Fluidic automation, the practice of programmatically manipulating small fluids to execute laboratory protocols, has led to vastly increased productivity for biologists and chemists. Most fluidic programs, commonly referred to as protocols, are written using APIs that couple the protocol to specific hardware by referring to the physical locations on the device. This coupling makes isolation impossible, preventing portability, concurrent execution, and composition of protocols on the same device.
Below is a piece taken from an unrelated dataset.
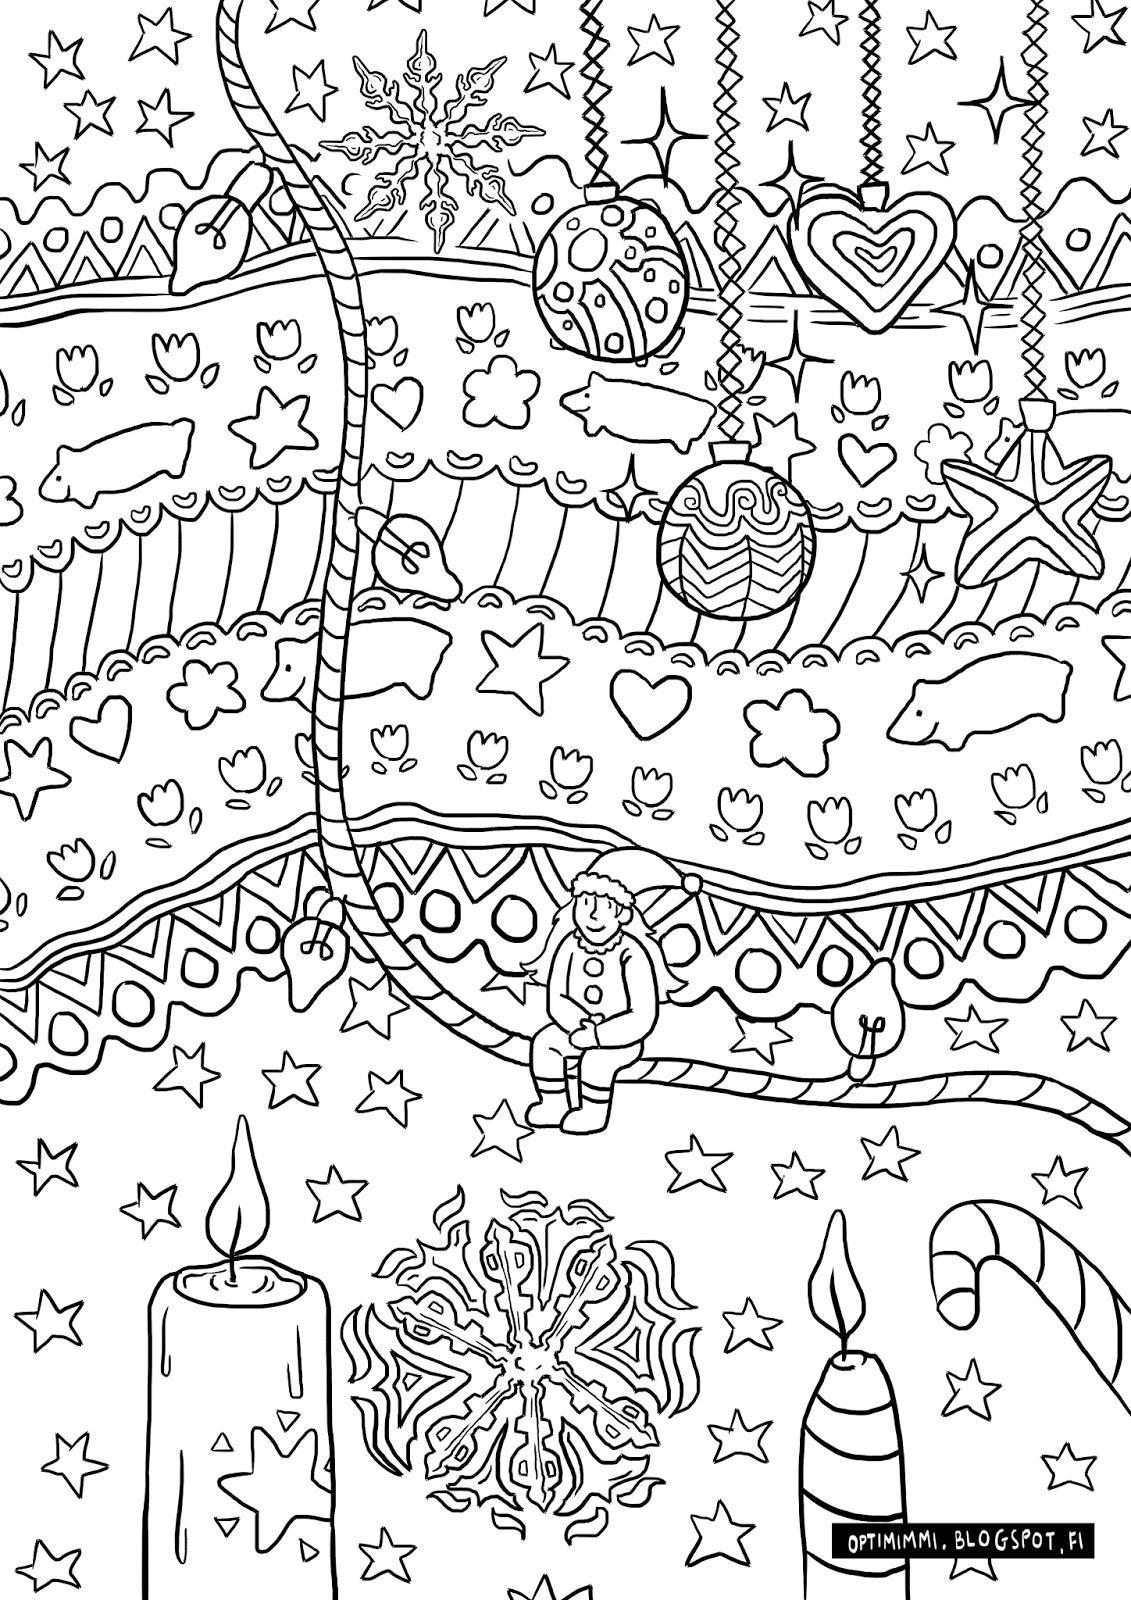 optimimmi 2016 coloring pages 2016 värityskuvat

We propose a system for virtualizing existing fluidic protocols on top of a single runtime system without modification. Our system presents an isolated view of the device to each running protocol, allowing it to assume it has sole access to hardware. We provide a proof-of-concept implementation that can concurrently execute and compose protocols written using the popular Opentrons Python API. Concurrent execution achieves near-linear speedup over serial execution, since protocols spend much of their time waiting.